Halappa Basappa Achar (born 1 December 1952) is an Indian politician who has served as the Cabinet Minister of Mines and Geology, Minister of Women and Child Development, and Minister of Disabled and Senior Citizens Empowerment for the Government of Karnataka since 4 August 2021. He was the in-charge minister of Dharwad District and a member of the Karnataka Legislative Assembly, representing the Yelburga constituency.

He was previously elected as a Member of Karnataka Legislative Council from the Raichur Assembly constituency in 2010.

==Early life and education==

Halappa Achar was born on 1 December 1952 to Shri Basappa Shivappa Achar and Smt. Gauramma Basappa Achar. He graduated with a BSc and pursued agriculture.

==Career==
He was elected as Director of Masaba Hanchinal Cooperative Bank in 1976. He entered politics by becoming vice-chairman of TAPCMS in Yelburga in 1978.

===Sahakara Ratna===
Halappa Achar took over as Director of RDCC Bank in 1988–89, rescuing it from near bankruptcy. Recognizing his efforts in resurrecting the bank, the Karnataka government, led by then-CM HD Kumaraswamy, honored him with the Sahakara Ratna award.

===Elected as MLC===
He was elected as an MLC in 2010 on a BJP ticket and emerged victorious with the highest margin of 400 votes in total. He represented the Raichur and Koppal districts for six years.

He successfully utilized his MLCLAD funds to implement minor irrigation projects in his constituency.
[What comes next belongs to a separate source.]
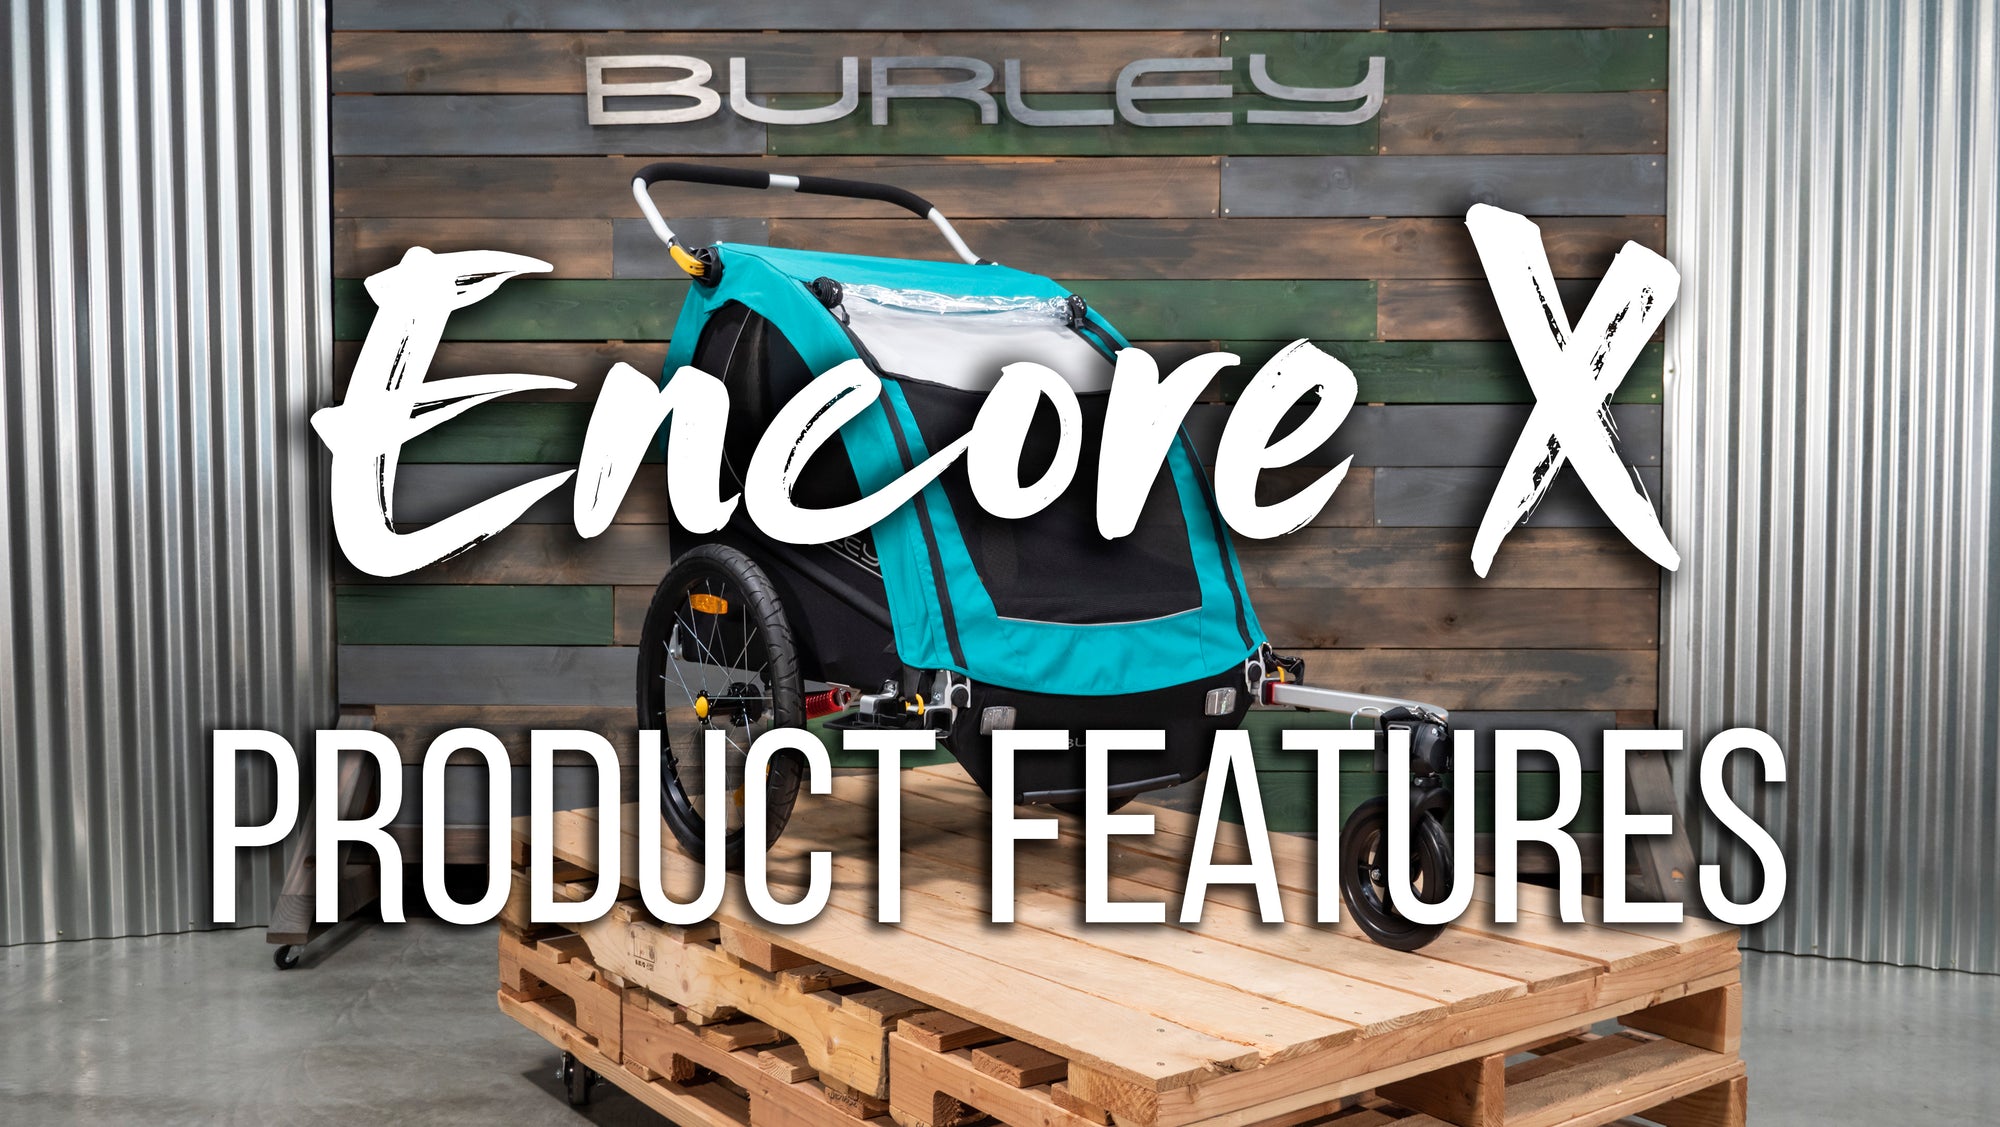 Encore X Product Features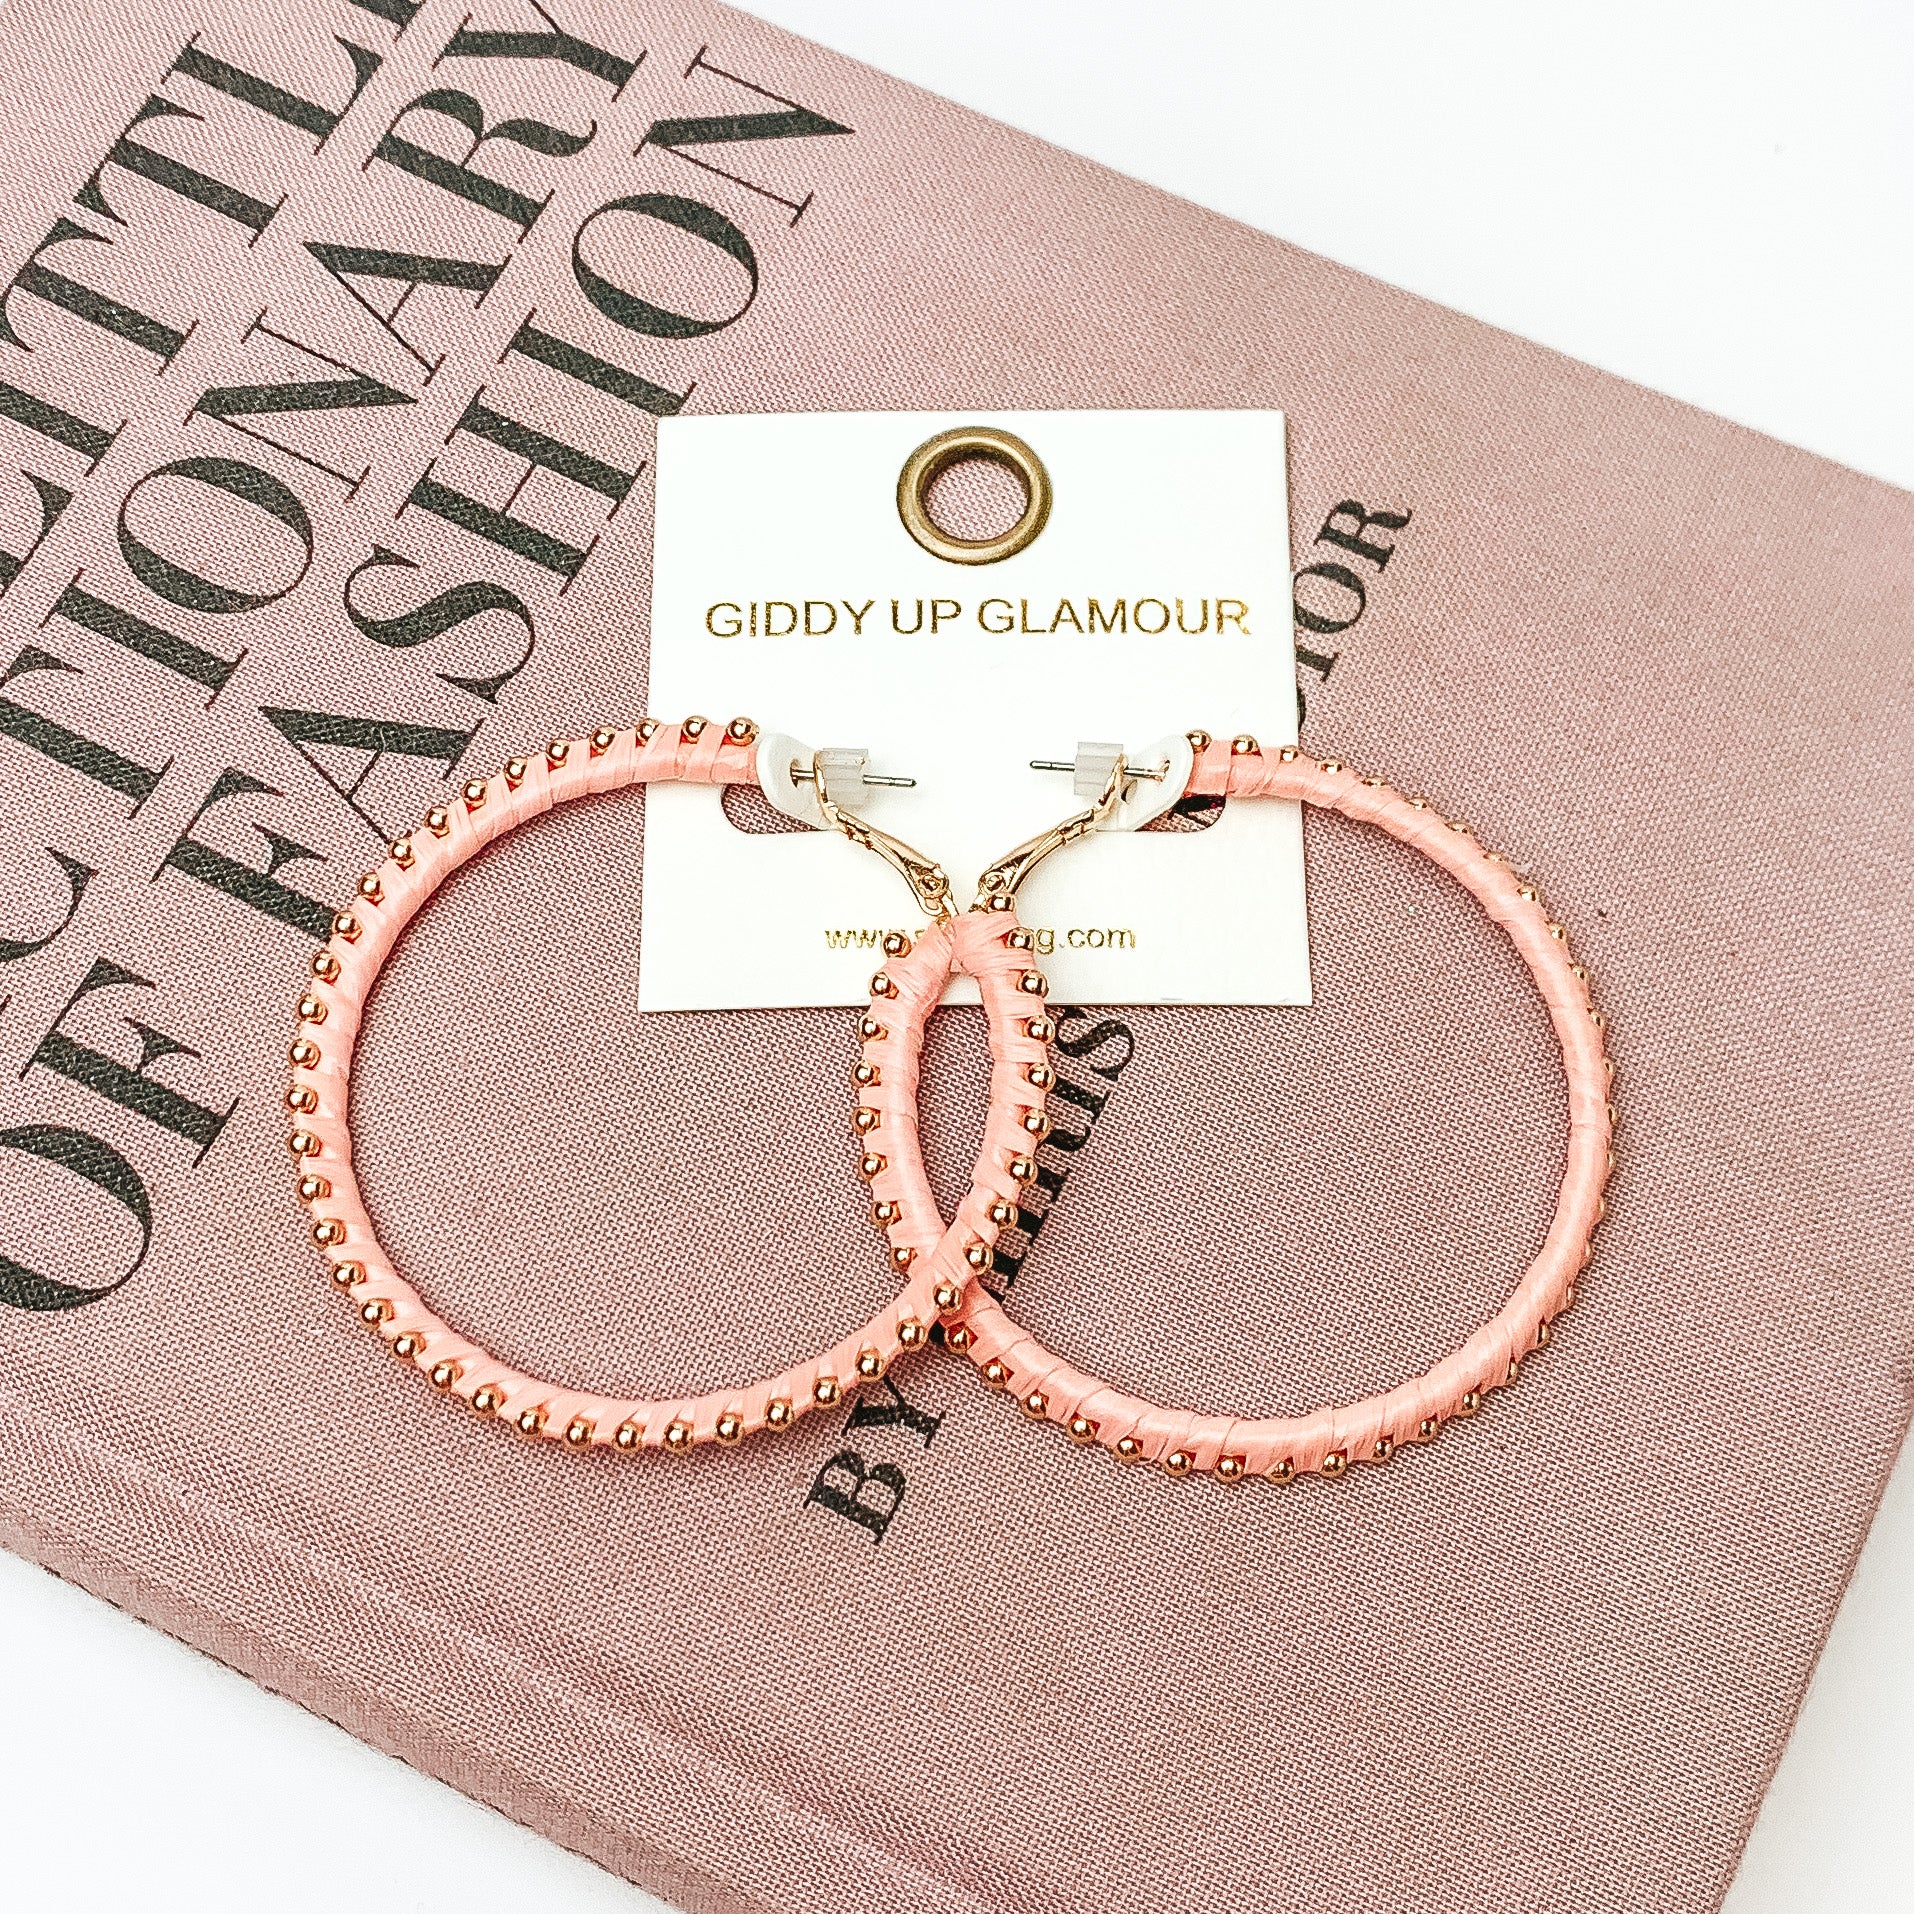  Pictured are circle light pink hoop earrings with gold beads around it. They are pictured with a pink fashion journal on a white background.

In 2013 he succeeded in securing a sanction of Rs. 1,000 crore for the Yelburga Bevuru irrigation project from the then Chief Minister, Shri Jagadeesh Shetter.

===As President of Karnataka State Cooperative Marketing Federation===
When he took over as President of the Karnataka State Cooperative Marketing Federation in 2011 the institution was facing bankruptcy and owed Rs. 36 crore to the government. Achar revived the institution and continued as President of the board for seven years. Under his leadership, the institution repaid all of its outstanding debts and became independent, achieving a profit of Rs. 35 crore by the end of his tenure.

===As Director of IFFCO and Apex Bank===
With his experience in the field, he served as Director of IFFCO and Apex Bank for 10 years. He was also President of the Hampi Foundation Authority Trust from 2012–2013 to 2014–2015.

===Public Service===
He has been arranging free coaching in Kuknoor, Hirevankalakunta, and Masaba Hanchinal for poor children to prepare them for Navodaya, Sainik School, Kittur Rani Chennamma School, and various other entrance exams.

===Member of Legislative Assembly===
In the 2018 election, he defeated former Congress Minister Basavaraj Rayareddy by 13,000 votes, marking his debut appearance in the Assembly.

As Minister for Women and Child welfare, he worked closely with researchers at the Edward & Cynthia Institute of Public Health to implement the End Malnutrition Initiative in his constituency.